▶ _What the exercise asks_
Exactly the lines from the one holding "170208夕刊洲本5人殺傷事件社会面記事" through the last line of the listing below must appear in the answer, and no pictures.

▶ _Dataset content_
##############################
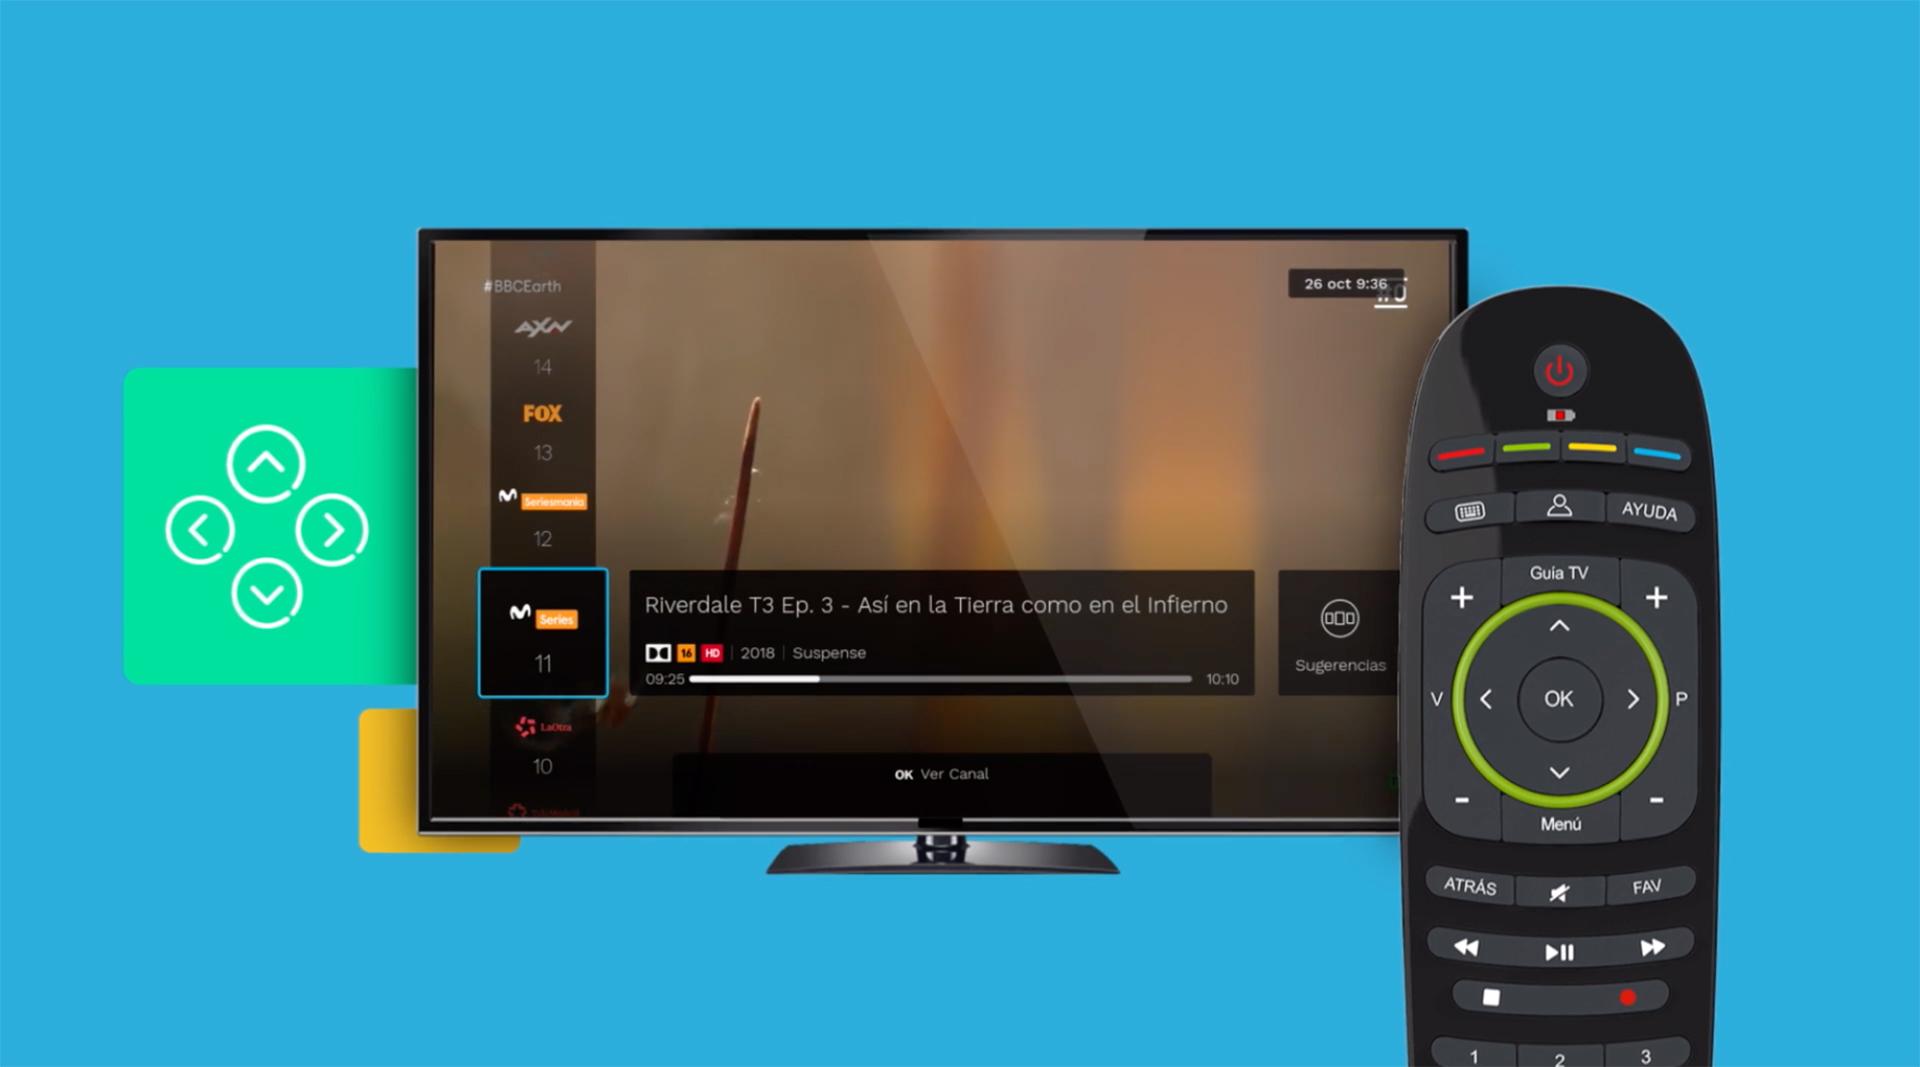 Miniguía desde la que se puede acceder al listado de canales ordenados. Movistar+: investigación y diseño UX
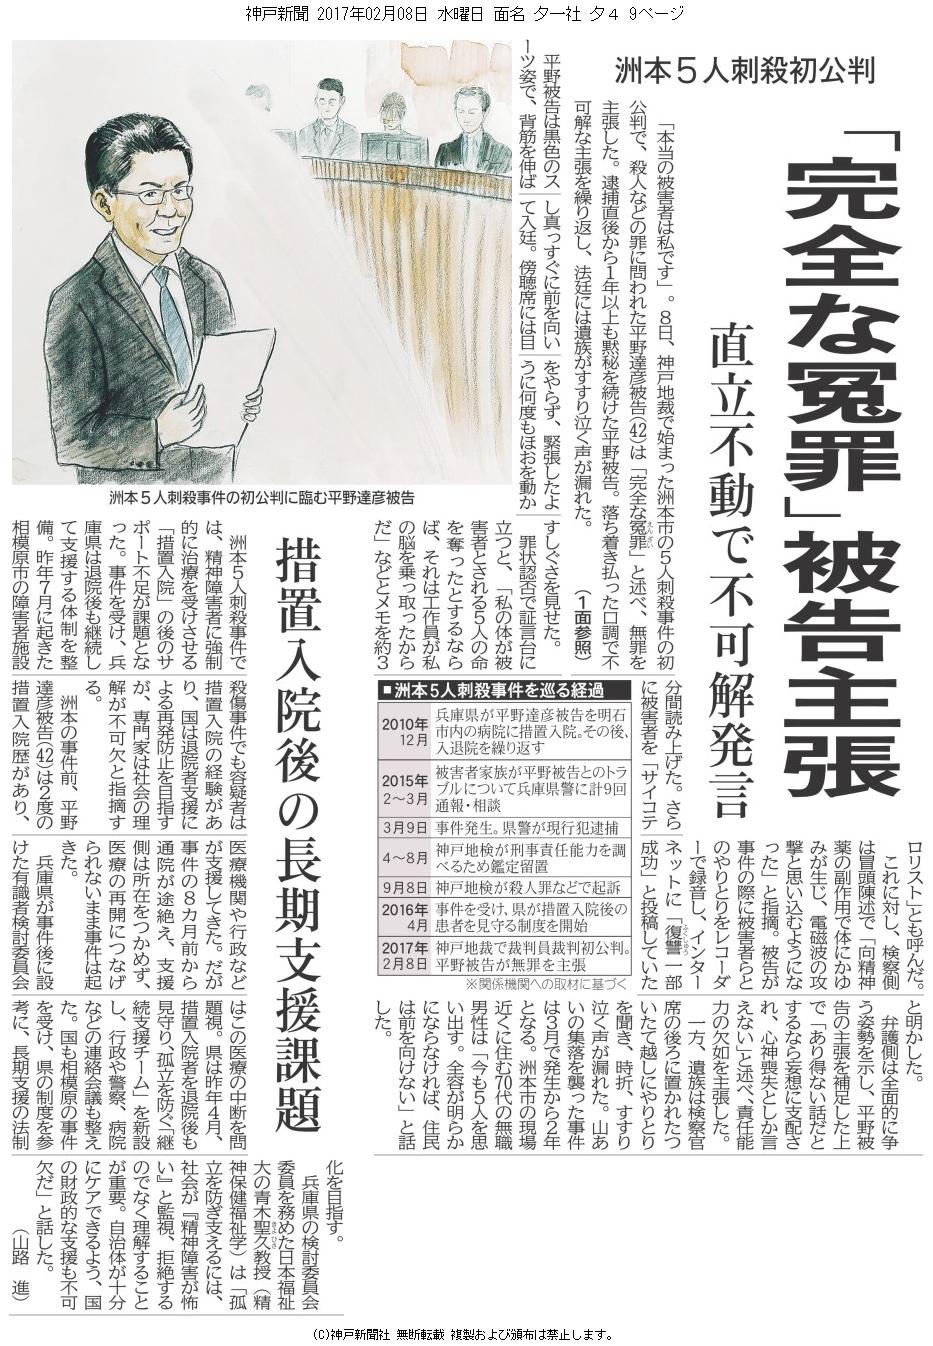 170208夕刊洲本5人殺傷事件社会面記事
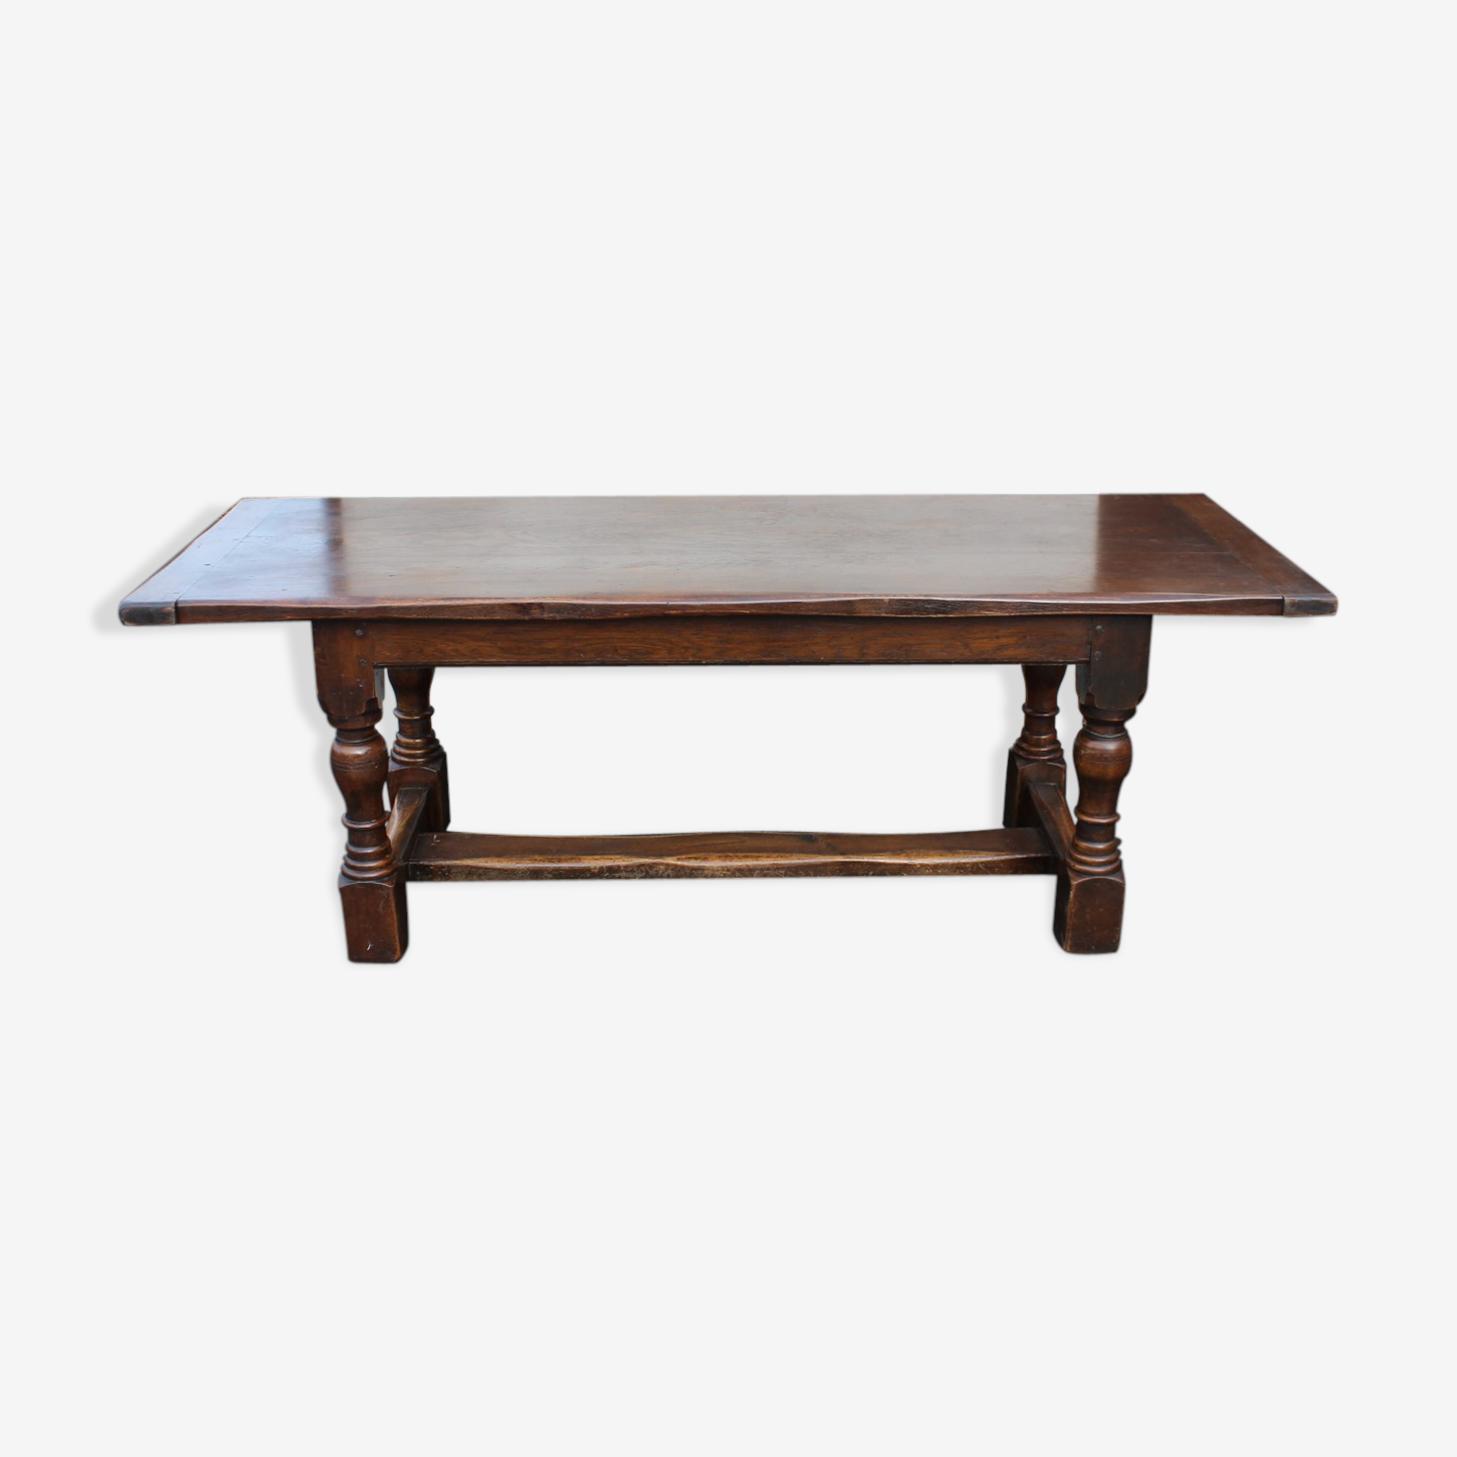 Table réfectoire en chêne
##############################
▶ _Solution for this problem_
 170208夕刊洲本5人殺傷事件社会面記事
 Table réfectoire en chêne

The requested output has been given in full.